11 Nisan 2009 Cumartesi

*SİNEMANİ / 4 Yıldızlı Bir Film: Okuyucu

FİLM Festivali devam ededursun bugünkü yazımda gösterime girecek filmlerden, yani ticari sinemadan bahsedeceğim: Alman milletinin karakteri hakkında gerçek bir “fikir” hatta “sır” veren Okuyucu’dan (The Reader) söz edeceğim:

Kate Winslet’in Oscar aldığı filmi izlerken eminim sürekli hayretler içinde kalacaksınız. Cinsellik (sübyancılık), baştan çıkarma, erkek, kadın, hayat, edebiyat, yaşama tutkusu cğ sırlarla dolu The Reader, örtüler açıldıkça inanılmaz bir derinlik kazanıyor.

Filmin özünden bir şeyler söyleyeyim. Okuyucu filmi, Alman milletinin “İzzetinefis” düşkünlüğünü bir sır olmaktan çıkarıyor. Diğer yandan Nazi Kamplarında telef edilen Yahudi ırkının torunlarının “Amerikan yaşam biçimi” içinde fevkalade yüksek, kaliteli ve mütehakkim bir mevkie sahip olmaları durumunu (fiili bir durum olduğu halde sırrı gibi saklanan gerçeği) büyük ustalıkla, hem de (bana göre) yererek ilan ediyor!

Stephen Daldry’nin yönettiği ve Ralph Fiennes, Jeanette Hain, David Kross ile Kate Winslet’in oynadığı Okuyucu, II. Dünya Savaşı sonrası Almanya’da geçiyor. Michael, kendisinden yaşça büyük Hana ile büyük bir aşk yaşıyor ama Hanna bir gün ansızın ortadan kayboluyor. Michael, 8 yıl sonrasında, bir hukuk öğrencisi olarak savaş suçları mahkemesinde gözlemcilik yaparken Hanna‘yı sanık sandalyesinde görüyor. Film asıl söyleyeceklerini bundan sonra söylüyor. Kaçırmayın.

Kehanet (Knowing); Nicolas Cage’in ortalama filmlerinden biri olarak sinema tarihine yazılacak. 50 yıl önce bir okul bahçesine gömülen belgelerden birinde kıyamet günü bildirilmektedir. John Koestler (N. Cage) MIT’de çalışan bir bilim adamı olarak, everenin tesadüfi mi yoksa gerekirci (determinist) bir biçimde mi işlediğini öğrencilerine bir sorunsal (dilemma) olarak verirken köz üstünden yeni alınmış dumanı tüten patates gibi kucağında bir büyük sorun bulur. Ya fırlatıp atacak veya kaderine razı olup sorunsalı çözmeye çalışacaktır!

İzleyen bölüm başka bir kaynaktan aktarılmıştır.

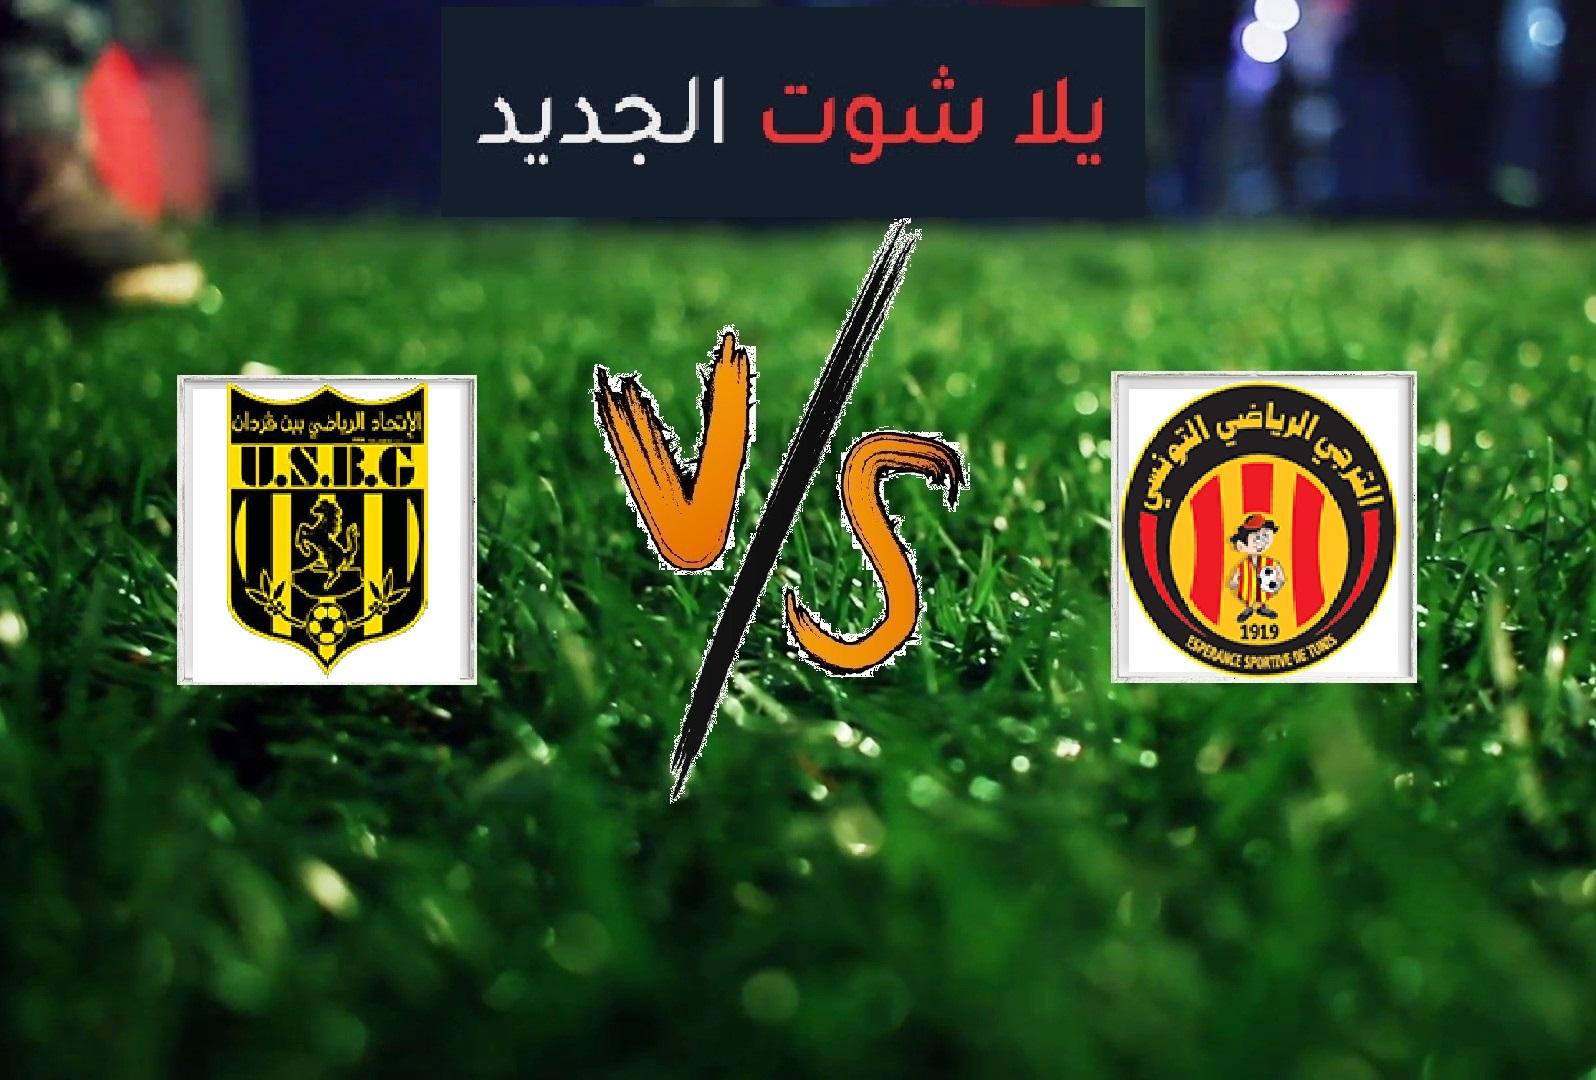 ملخص  مباراة الترجي واتحاد بن قردان بتاريخ 12-06-2019 الرابطة التونسية لكرة القدم

John Koestler ve oğlunun kaderiyle denklemin çözümünü filmi izleyenler öğrenebilecek!

Kanun Benim (Appaloosa), Ed Harris’in yönetip Viggo Mortensen, Renee Zellweger ve Jeremy Irons gibi oyuncularla başa güreştiği bir güzel film. Sert, acımasız Vahşi Batı ve kovboyların dünyasına ilginç bir geri dönüş. Aşk, arkadaşlık, yasa, hükümet, kapitalist ahlak… Ama en fazla dostluk üzerine bir film. Seyri keyif veriyor.

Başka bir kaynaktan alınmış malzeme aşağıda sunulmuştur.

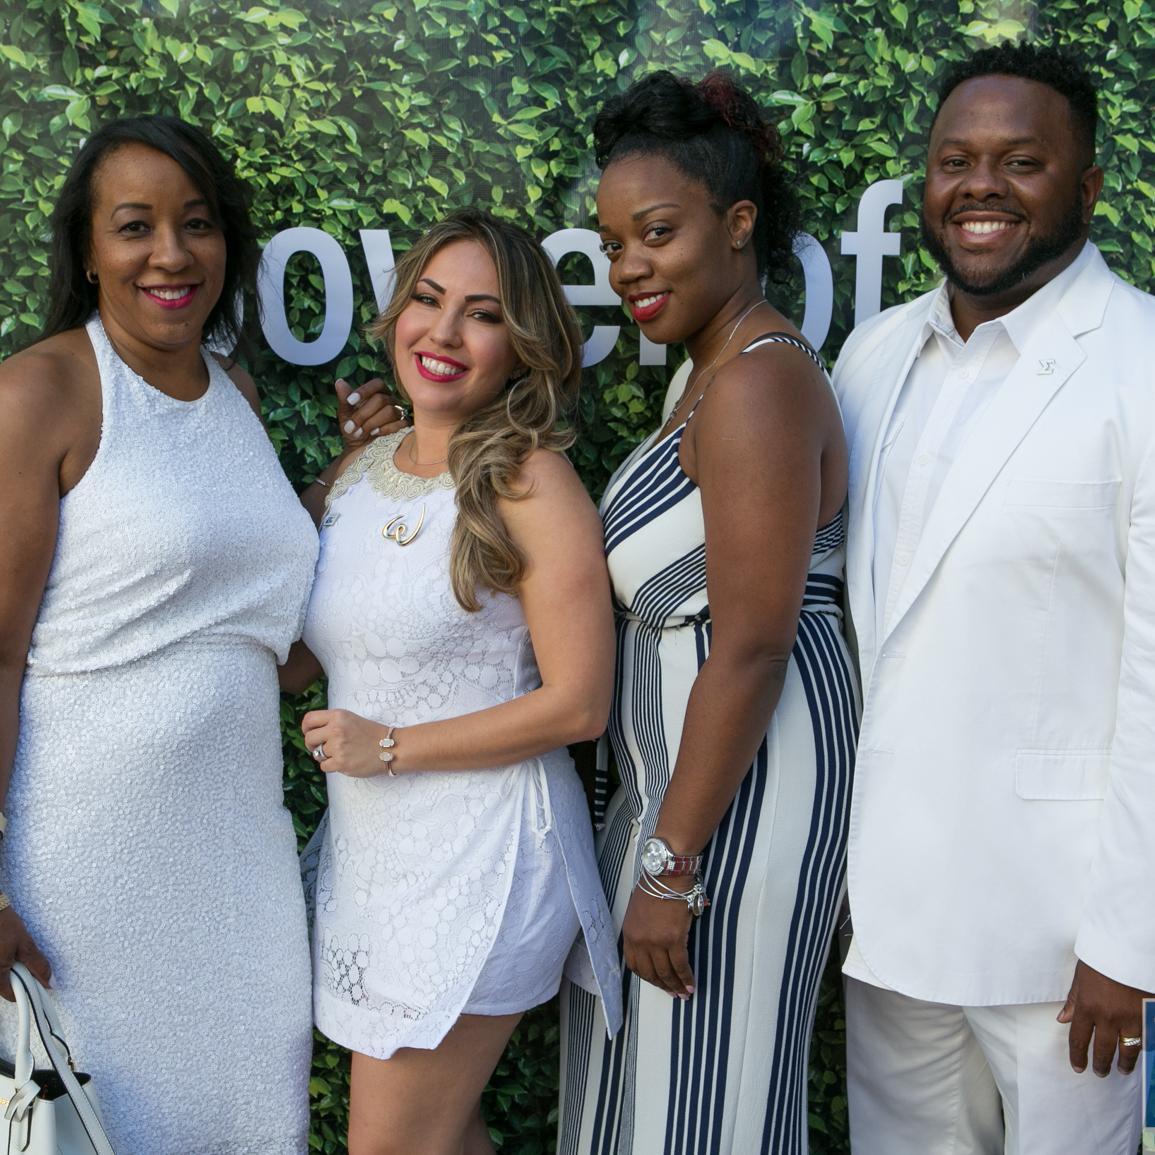 All White Affair

Yabancı (Outlander) ise sıkı bir fantastik macera. Ama Batı sinemasındaki “abartma ve yalan söyleme” alışkanlığına Yabancı’da da rastlıyoruz. Daha çifte su verilmiş çelik yapmayı bilmeyen Viking kahramanlarımız, üzenginin ve koşumun esamisinin okunmadığı ülkelerinde, 8. yüzyıl Avrupa şövaleleri gibi at biniyorlar! Kültür ve uygarlık tarihi bilmeyenler için bir şey ifade etmiyor ama işte ben ucundan kıyısından okuyor ve bilmeye çalışıyorum. Uyarmak borcundayım… Yönetmenler en az İskender’in yönetmeni Oliver Stone e kadar duyarlı davranmak zorundalar! Bu kanıksanmış durumu görmezden gelirseniz. Yabancı hiç de fena bir film değil.

Pazar: Bir Ticaret Masalı: Ben Hopkins’in yönettiği filmle ilgili düşüncelerimi Antalya Film Festivali’nde izledikten sonra yazmıştım. Oryantalist bakış açısı ile çekilmiş bir film. Şu sıralar “Türk filmi mi, İngiliz mi, Alman mı?” tartışması yapılıyor. Yahu! Filmin ruhu Türk değil! Yapımcısı, yönetmeni ve her yeri yüzde yüz Türk olsa ne yazar!